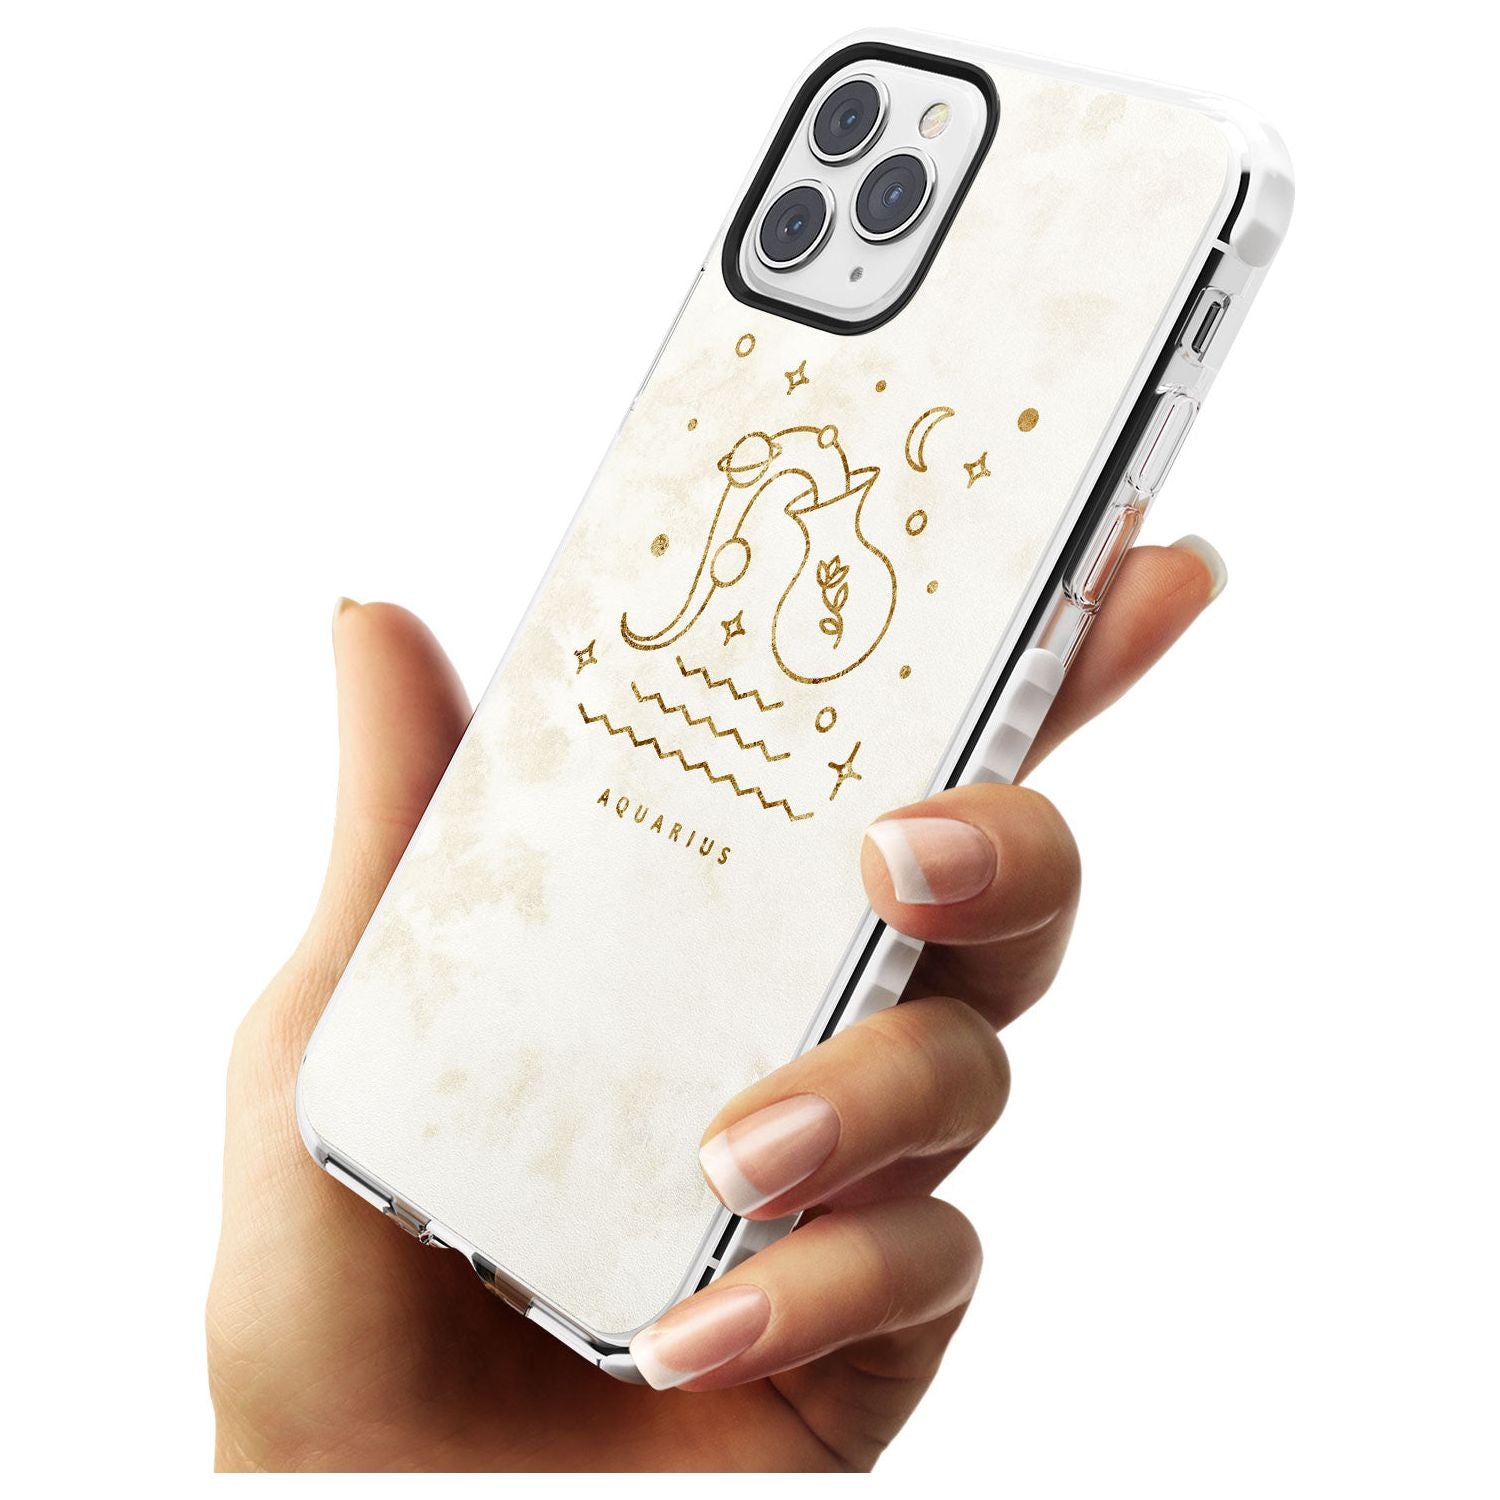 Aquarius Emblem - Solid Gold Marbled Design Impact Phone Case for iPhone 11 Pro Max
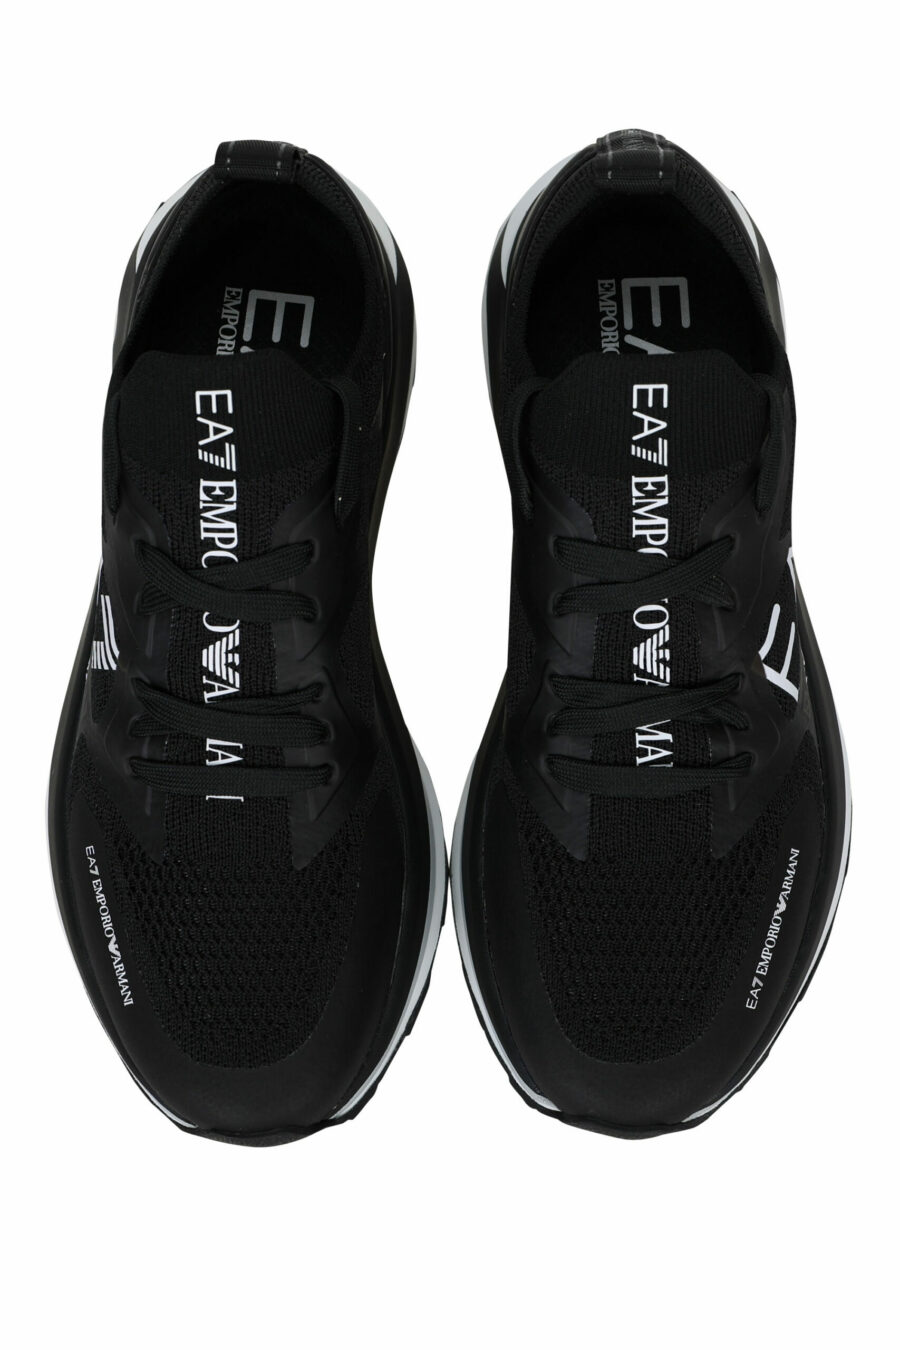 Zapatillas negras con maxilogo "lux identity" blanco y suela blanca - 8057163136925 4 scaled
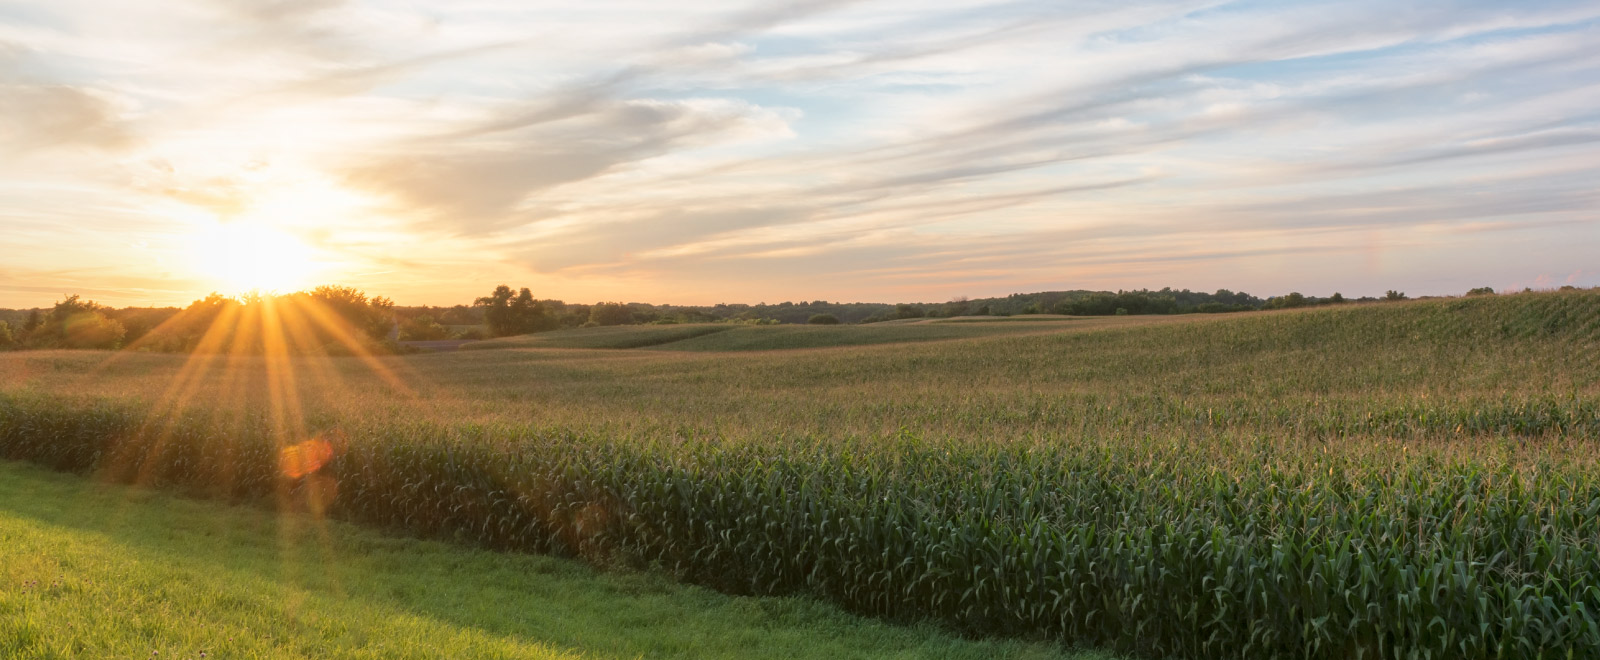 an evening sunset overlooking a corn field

Exercise brief: Print the material above exactly, skipping its images.

Exercise answer:
 Aquarius Emblem - Solid Gold Marbled Design Impact Phone Case for iPhone 11 Pro Max
 Zapatillas negras con maxilogo "lux identity" blanco y suela blanca - 8057163136925 4 scaled
 an evening sunset overlooking a corn field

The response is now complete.